◆ Assigned task: Whenever a picture appears, leave it out while repeating all the other data exactly.

◆ Material provided:
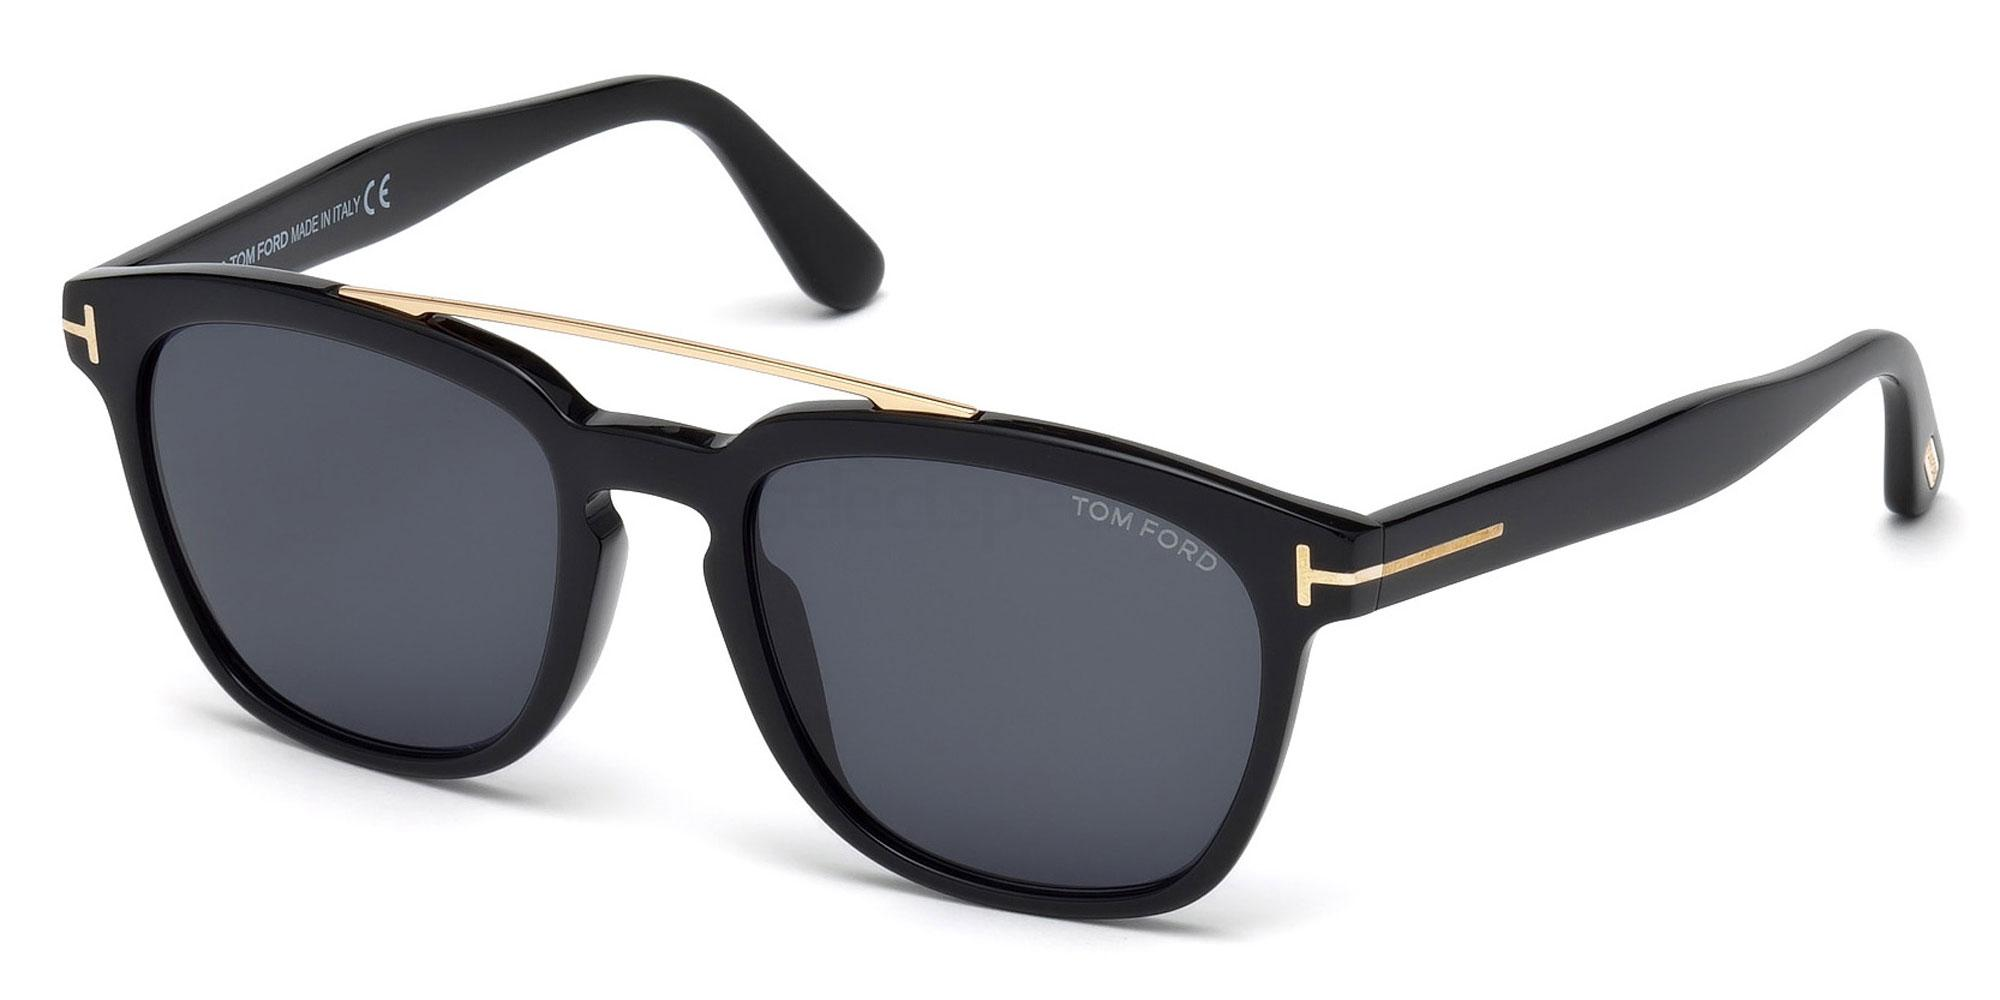 01A FT0516 Sunglasses, Tom Ford
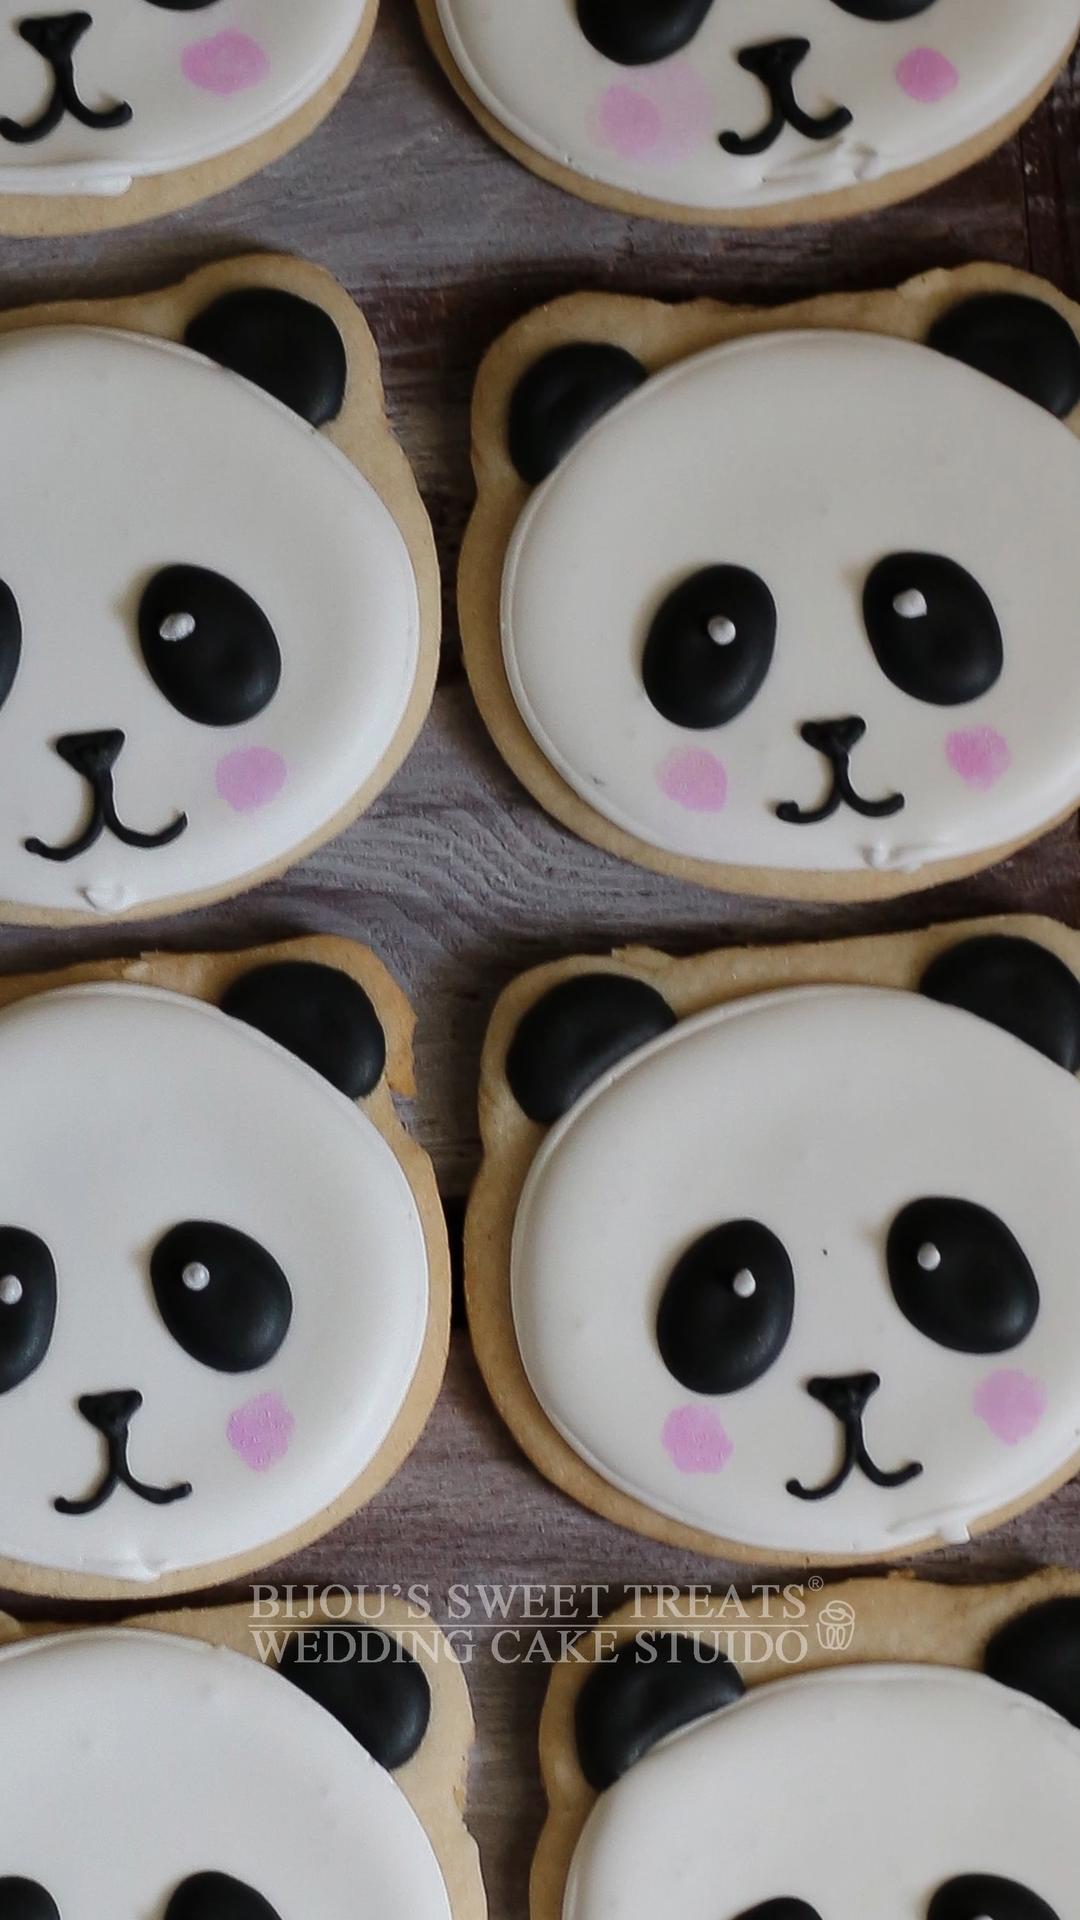 Panda Cookie Favors by Bijous Sweet Treats wedding cake studio
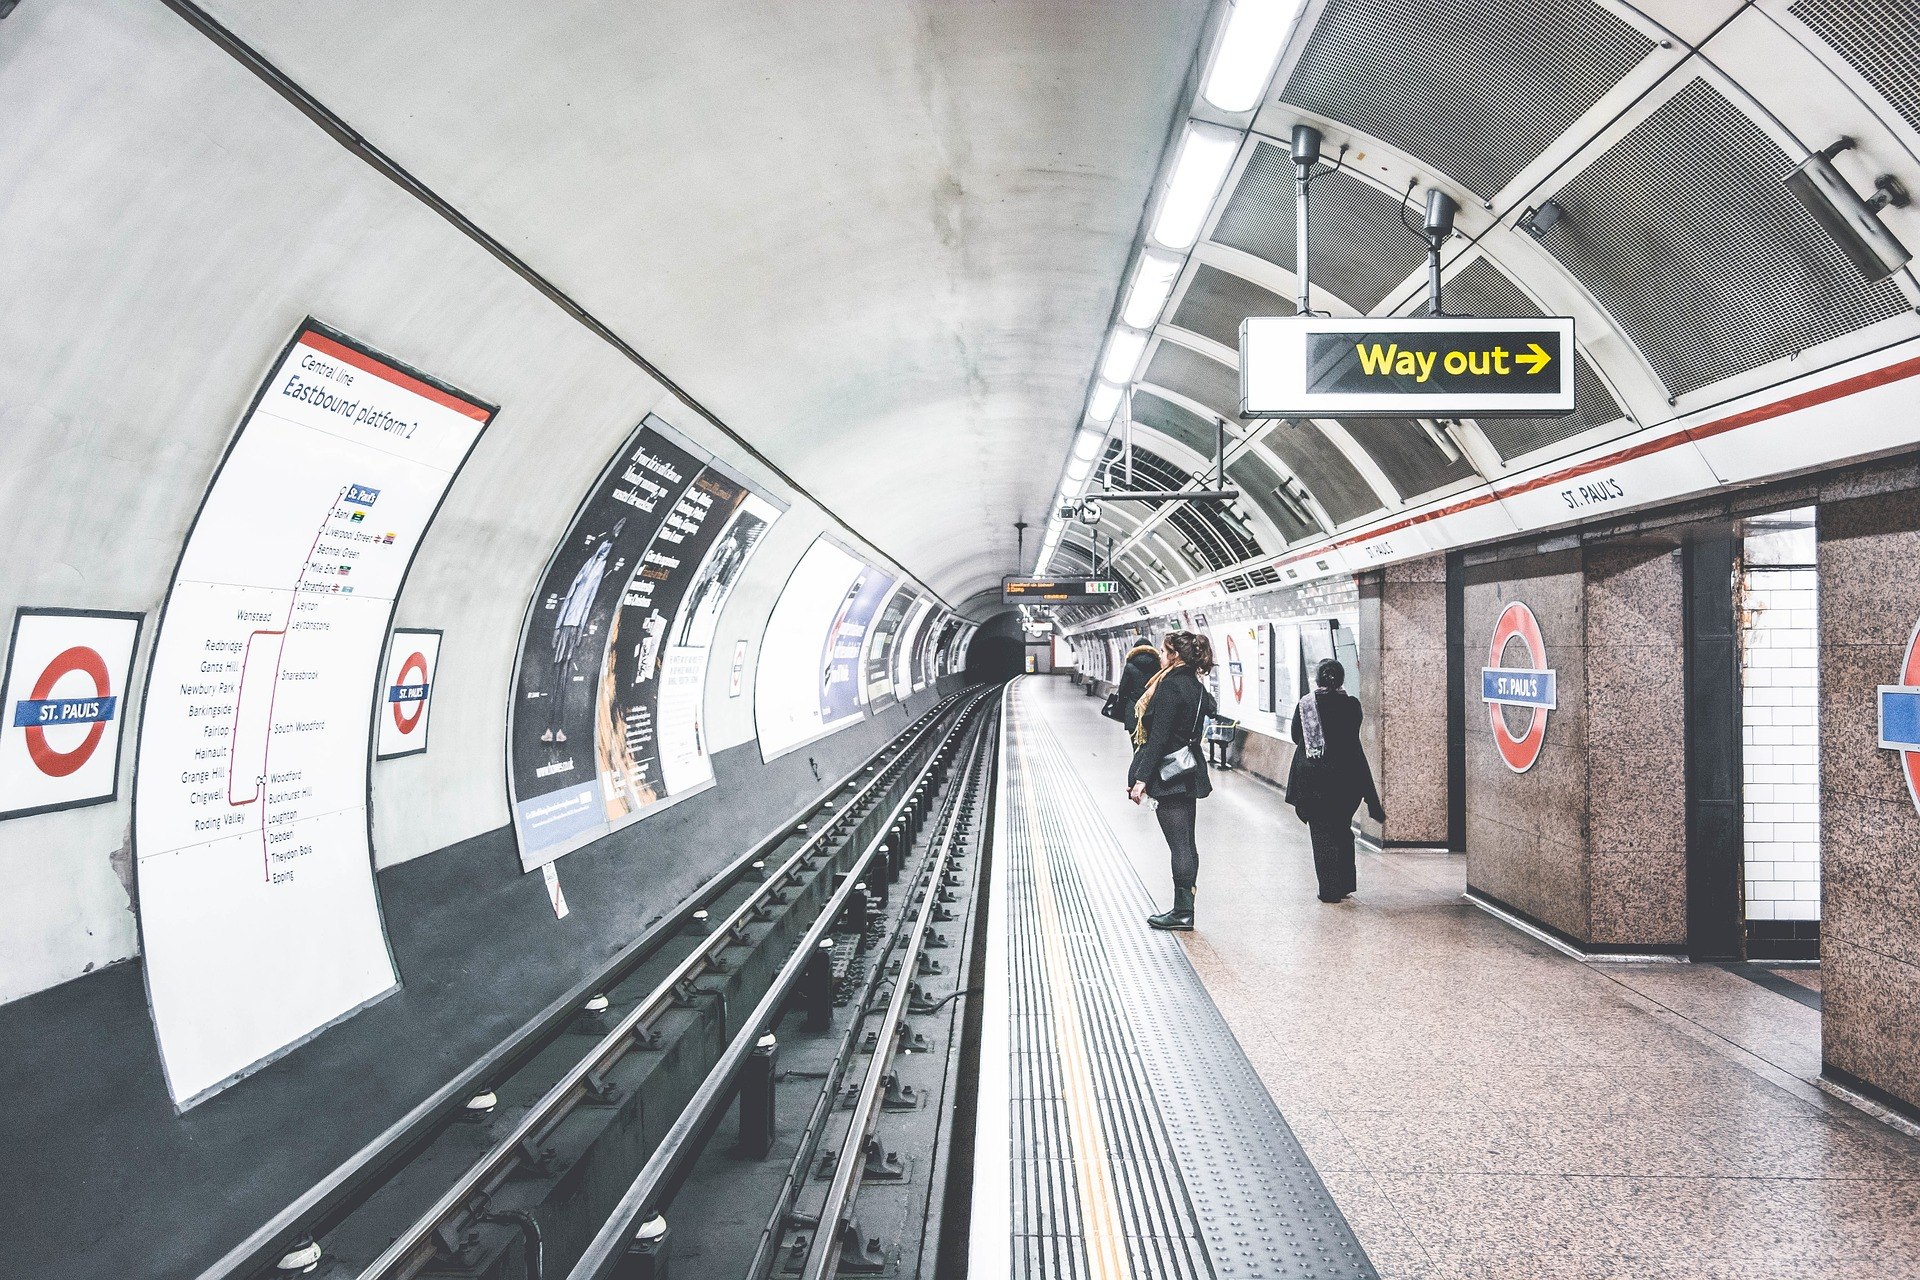 Metropolitana, Londra, Stazione, Inghilterra, Anden, in attesa per voi - Sfondi HD - Professor-falken.com

◆ Solution to this problem:
 01A FT0516 Sunglasses, Tom Ford
 Panda Cookie Favors by Bijous Sweet Treats wedding cake studio
 Metropolitana, Londra, Stazione, Inghilterra, Anden, in attesa per voi - Sfondi HD - Professor-falken.com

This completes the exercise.